This shift into the cloud also offers new opportunities and frees administrators for other tasks, but the success of the implementation depends on how prepared they are for the change. An Office 365 pilot is the best way to determine if a full implementation will succeed or fail.

Ideally, an Office 365 pilot should roll out to about 5% of end users. This ensures IT spends adequate time to plan and evaluate the new platform within the environment and with a set number of users. It also provides the opportunity to test-drive the platform and determine any potential configuration requirements, issues and implementation caveats that admins need to address prior to a full migration.
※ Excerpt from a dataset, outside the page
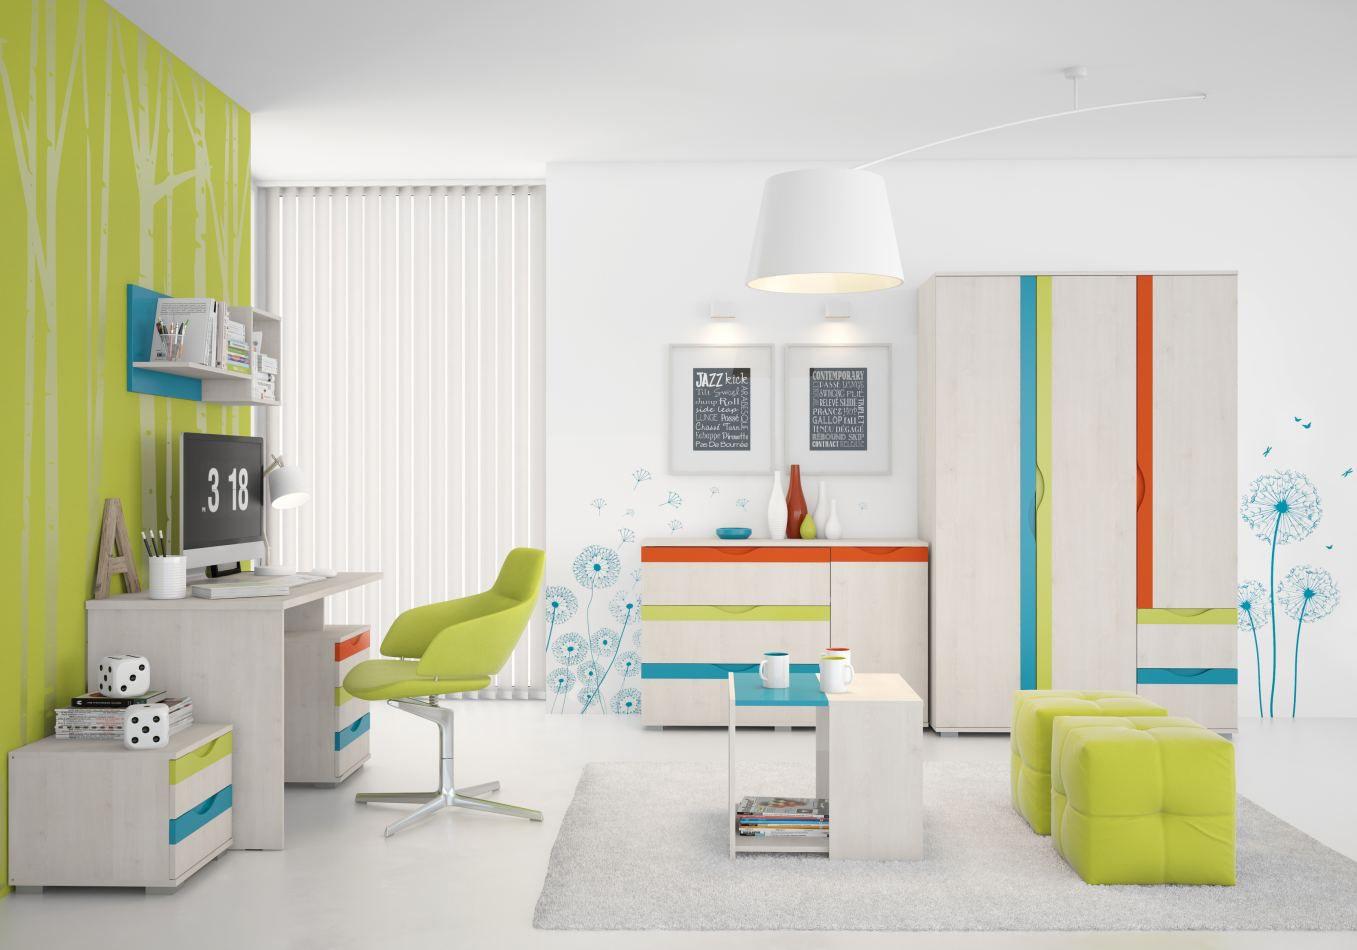 Kinderzimmer Komplett - Set C Peter, 6-teilig, Farbe: Kiefer Weiß / Orange / Gelb / Türkis

During the pilot stage, an organization can either purchase licenses for a number of end users under an existing Microsoft agreement or sign up for a trial version. This enables admins to implement the pilot project and perform most of the required tasks to get end users on the Office 365 service. During the Office 365 pilot phase, IT should use the following points to evaluate and prepare:

Keep an eye on bandwidth

The biggest factors that affect Office 365 performance are connectivity and internal networking configurations. Regardless of the speed of the Office 365 service in Microsoft’s data centers, if the organization’s network bandwidth cannot meet Microsoft’s requirements then end users won’t have a good experience. An Office 365 pilot forces IT to evaluate and identify the specifications required to use the cloud platform. Admins can download several tools for these tasks from Microsoft’s site, such as the calculator that estimates how much bandwidth an organization needs based on the number of end users.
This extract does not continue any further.